A {\em trigonometric equation} \PMlinkescapetext{contains} values of given trigonometric functions whose arguments are unknown angles.  The task is to determine all possible values of those angles.  For obtaining the \PMlinkescapetext{complete} solution one needs the following properties of the trigonometric functions:
\begin{itemize}
\item Two angles have the same value of sine iff the angles are equal or supplementary angles or differ of each other by a multiple of full angle. 
\item Two angles have the same value of cosine iff the angles are equal or \PMlinkname{opposite}{OppositeNumber} angles or differ of each other by a multiple of full angle. 
\item Two angles have the same value of tangent iff the angles are equal or differ of each other by a multiple of straight angle. 
\item Two angles have the same value of cotangent iff the angles are equal or differ of each other by a multiple of straight angle.\\
\end{itemize}


The first principle in solving a trigonometric equation is that try to elaborate with goniometric formulae or else it so that only one trigonometric function on one angle remains in the equation.  Then the equation is usually resolved to the form
\begin{align}
f(kx) = a,
\end{align}
where $k$ and $a$ are known numbers and $f$ is one of the functions sin, cos, tan, cot.  Thereafter one can solve the values of the angle $kx$ and, dividing these by $k$, at last the values of the angle $x$.

\textbf{Example 1.}\, 
$$\sin{x}\cos{x}+\frac{1}{4} = 0$$
$$2\sin{x}\cos{x} = -\frac{1}{2}$$
$$\sin{2x} = -\frac{1}{2}$$
$$\sin{2x} = \sin{210^\circ}$$
$$2x = 210^\circ+n\cdot360^\circ \quad \lor \quad 2x = 180^\circ-210^\circ+n\cdot360^\circ$$
$$x = 105^\circ+n\cdot180^\circ \quad \lor \quad x = -15^\circ+n\cdot180^\circ$$
On the third line one used the double angle formula of sine.\\


It may happen that the form (1) cannot be attained, but instead e.g. the form
\begin{align}
f(kx) = f(\alpha),
\end{align}
where $x$ can be \PMlinkescapetext{contained} in $\alpha$.

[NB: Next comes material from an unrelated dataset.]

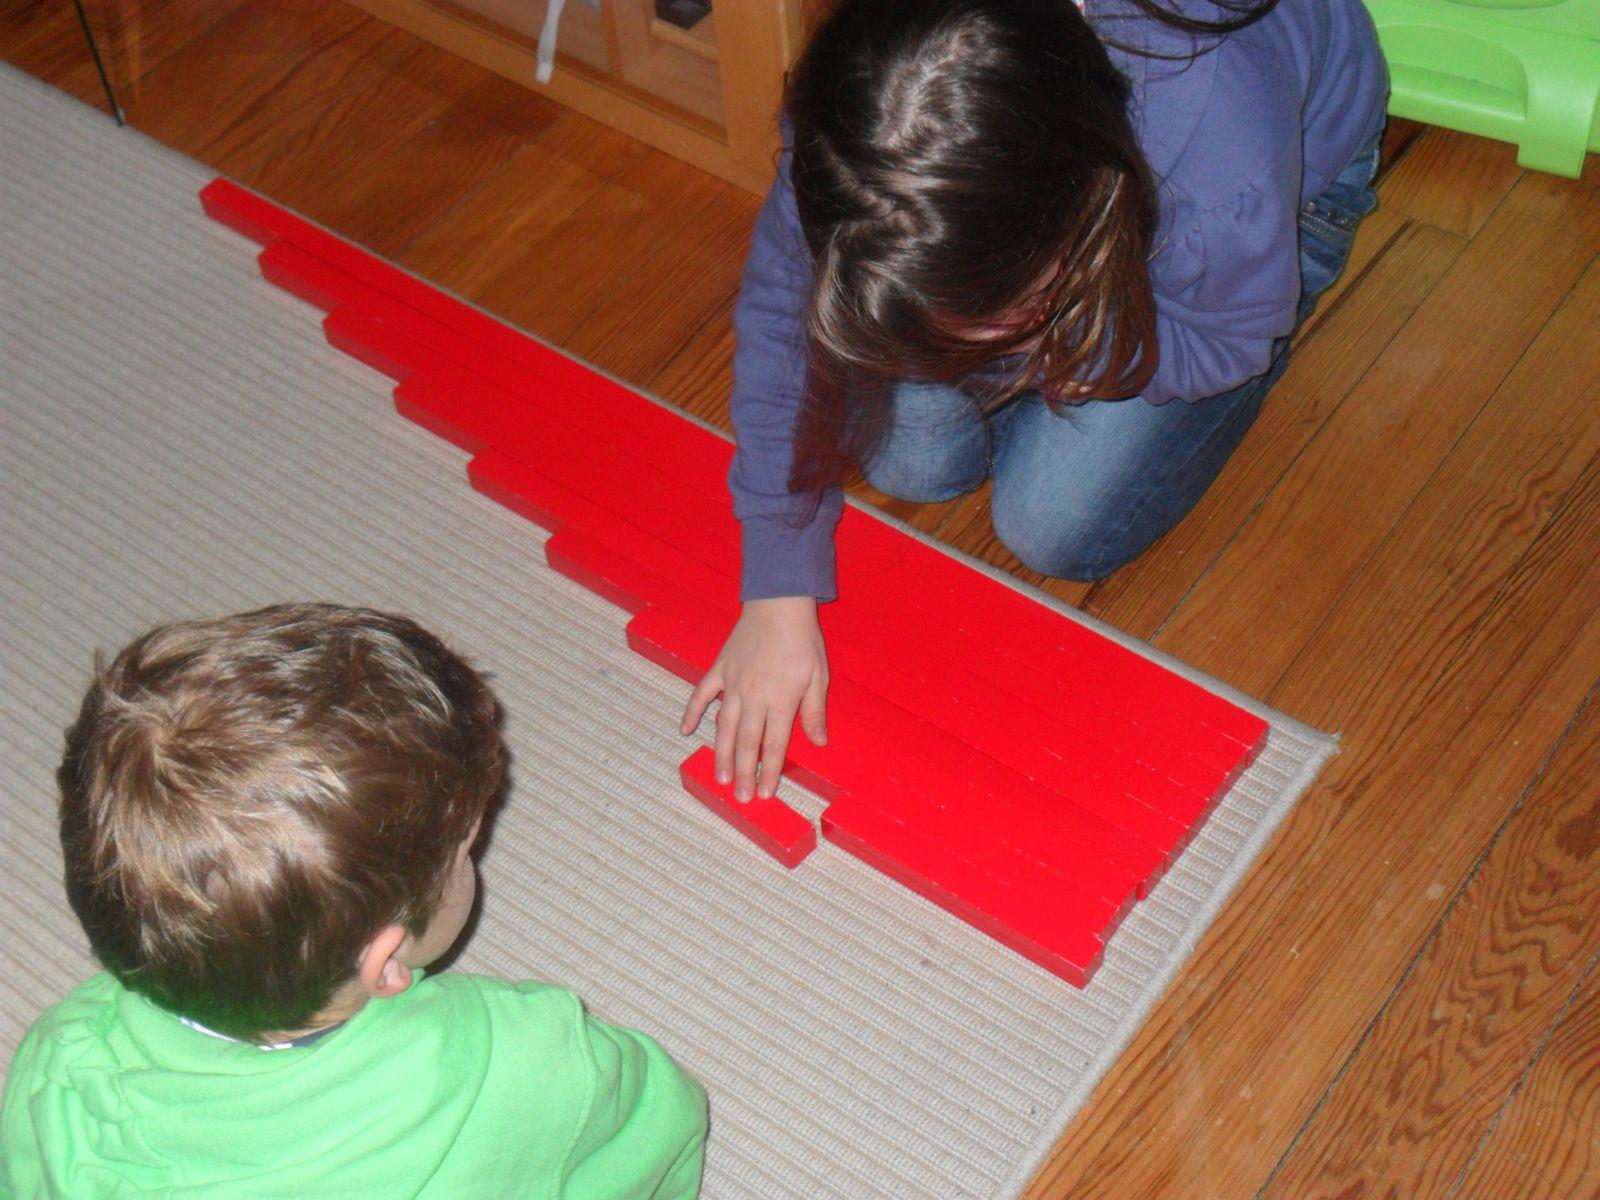 Clara et les barres rouges

\textbf{Example 2.} $$\sin2x = \cos3x$$
$$\cos(90^\circ-2x) = \cos3x$$
$$90^\circ-2x = 3x+n\cdot360^\circ \quad \lor \quad 90^\circ-2x = -3x+n\cdot360^\circ$$
$$-2x-3x = -90^\circ+n\cdot360^\circ \quad \lor \quad -2x+3x = -90^\circ+n\cdot360^\circ$$
$$x = 18^\circ+n\cdot72^\circ \quad \lor \quad x = -90^\circ+n\cdot360^\circ$$
On the second line one of the complement formulas was utilized.\\

\textbf{Example 3.} $$\sin{2x} = -\sin{3x}$$
$$\sin{2x} = \sin(-3x)$$
$$2x = -3x+n\cdot360^\circ \quad \lor \quad 2x = 180^\circ-(-3x)+n\cdot360^\circ$$
$$x = n\cdot72^\circ \quad \lor \quad x = 180^\circ+n\cdot360^\circ$$
On the second line the \PMlinkname{opposite angle formula}{GoniometricFormulae} of sine was utilized.\\

\textbf{Example 4.} $$\cos{2x} = -\cos{3x}$$
$$\cos{2x} = \cos(180^\circ-3x)$$
$$2x = \pm(180^\circ-3x)+n\cdot360^\circ$$
$$x = 36^\circ+n\cdot72^\circ \quad \lor \quad x = 180^\circ+n\cdot360^\circ$$
On the second line the \PMlinkname{supplement formula}{GoniometricFormulae} of sine was utilized.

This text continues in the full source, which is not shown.